(OSV News) — In November, NET Ministries, a Minnesota-based Catholic youth ministry that has been inspiring and forming young people to live their faith for decades, announced that it was expanding its outreach to Hispanic youth through its YDisciple project.
They have been collaborating with Juan Diego Network, a Catholic intercultural marketing and communications agency focused on the Latino community, to “bring the YDisciple project into Spanish, adapting it to the needs of the Latino culture,” according to a press release.
YDisciple is a platform intended “to provide formation resources for adults and teaching materials for youth, focusing on creating small groups that foster meaningful faith discussions and reflections,” it said in Spanish. Among the resources are videos, guides for participants and leaders, and resources for parents.
OSV News spoke with Annie Grandell, director of YDisciple, who cited studies stating that approximately 60% of Catholics under the age of 18 in the United States are Hispanic. But, she said, she sees these young people “incredibly underserved by resources because most resources in the Catholic space in the American church are for Anglo students.”
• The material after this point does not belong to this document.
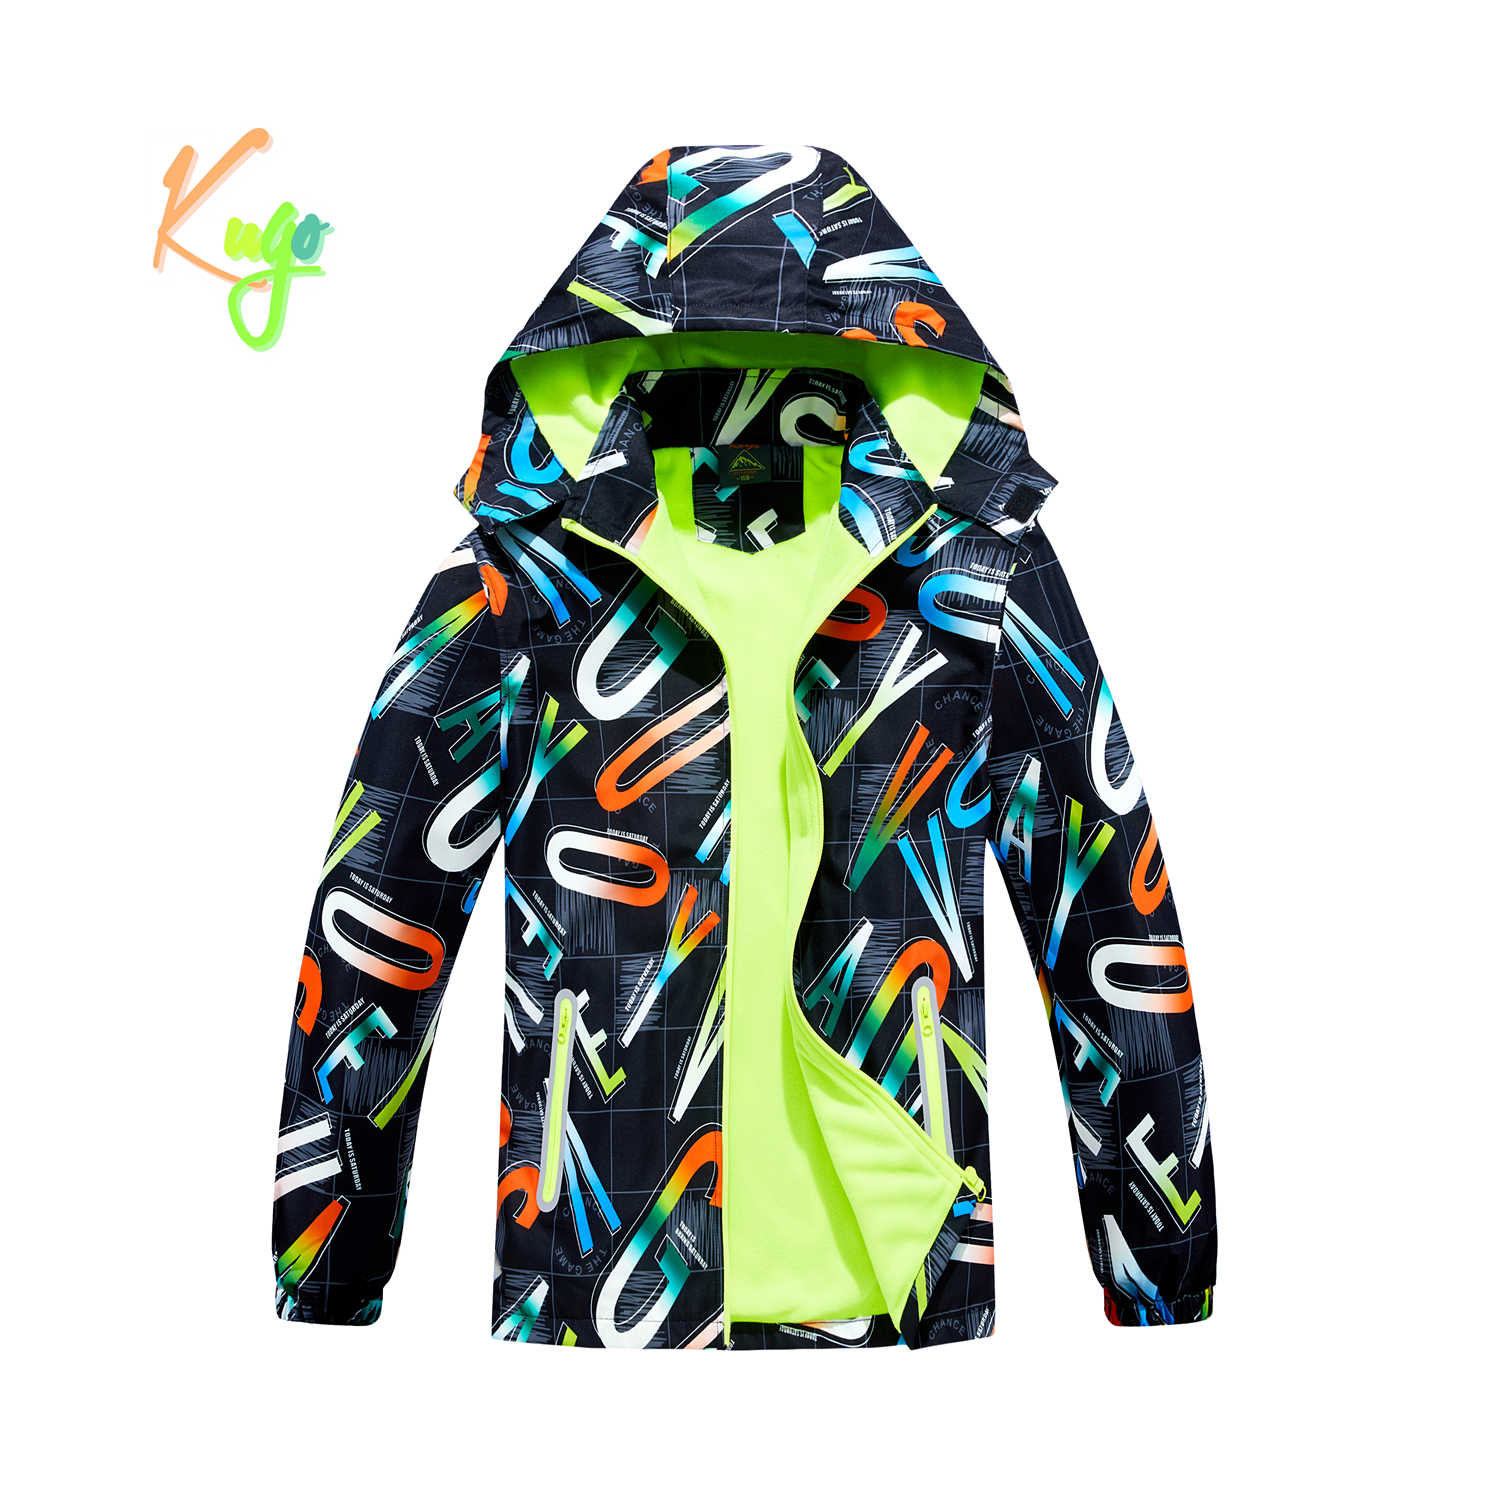 Chlapecká podzimní bunda, zateplená - KUGO B2859, černá, písmena Barva: Černá, Velikost: 146

Grandell said that through this initiative, YDisciple wanted to serve Hispanic Catholics in the United States by creating high-quality content for Spanish-speaking audiences. She said that in addition to videos for teens translated and dubbed into Spanish by Juan Diego Network, YDisciple has resources for adult leaders translated into Spanish.
“We are working to make sure that all of our training video resources are also done in Spanish, not dubbed, not subtitled, but filmed in Spanish by Spanish-speaking presenters,” Grandell said.
According to Grandell, this effort goes beyond simply translating because “it’s not always as simple as a one-to-one translation, because there might be a term that we use in English that doesn’t translate easily into Spanish.
“So, we make sure that our translators understand the context of pastoral ministry so that they can make sense in Spanish in that pastoral context,” she explained.
Grandell said that one of YDisciple’s primary audiences is between 11 and 18 years old, but her team understands the importance of preparing adult and young adult leaders because they have the task of evangelizing children, teens and other young adults.
“We also put a lot of effort into our adult resources, our training, our leader guides, so they know how to ask good questions, with tips on how to listen to teenagers and answer their questions,” she said.
In September, two series, “Dios es …” (“God Is …”) and “La invitación” (“The Invitation”), were launched on YDisciple.tv. Since then, Spanish-language resources such as a leader’s guide and a series on living with the Holy Spirit have also been included.
Speaking about the “God Is …” video collection, Grandell said it is produced in both English and Spanish, so they hired two different voice actors to read the script, one in English and one in Spanish.
Each of the eight videos in the “Dios es …” collection includes a guide for leaders to facilitate a meaningful conversation with teens, a participant handout, and a handout so parents know what their children discussed.
Grandell explained that, although this collection focuses on topics such as the Incarnation and the Revelation of the Lord, English- and Spanish-speaking youth don’t necessarily ask questions about these things.
Young people are asking what makes Christianity so special or whether God is real, she said. “So, we reverse-engineered the content and started with the questions that they are actually asking,” Grandell explained.
Questions such as, “Where is God in my suffering?” in order to “answer with the beautiful Catholic teaching on suffering so that it makes sense to where their hearts really are,” she said.
Grandell also highlighted the work Juan Diego Network has done for over a year and a half. “They were able to bring that (discipleship) to life in a way that I never would have been able to. They were just an incredible partner on this project, and I look forward to working with them again as we continue to grow this resource,” she said.
José Manuel De Urquidi, founder of Juan Diego Network, spoke with OSV News about his contribution to YDisciple. “Our job was to be able to adapt it to Spanish to speak to young Latinos in the United States,” he said. “It’s a very different culture; even though their primary language in many cases is English, faith is consumed in Spanish.”
He added that YDisciple resources focus “not only on bringing young people closer to Christ, but getting them to continue to grow in their faith and to stay, because we are also seeing that young Latinos are leaving the Catholic Church when they are in their 25s and 30s.”
“We have a lot of hope for what is happening at YDisciple,” De Urquidi said.
According to Grandell, new series in both English and Spanish are planned for simultaneous production in the future.
“Sometimes we can be thinking and thinking about how to make the youth of today be entertained and at the same time deepen their faith and it sounds like an impossible mission,” De Urquidi said. “This here makes it easy for them so that in a very entertaining way, they can enter further into the truths of their life and the ultimate goal, which is Christ.”
Marietha Góngora V. writes for OSV News from Washington.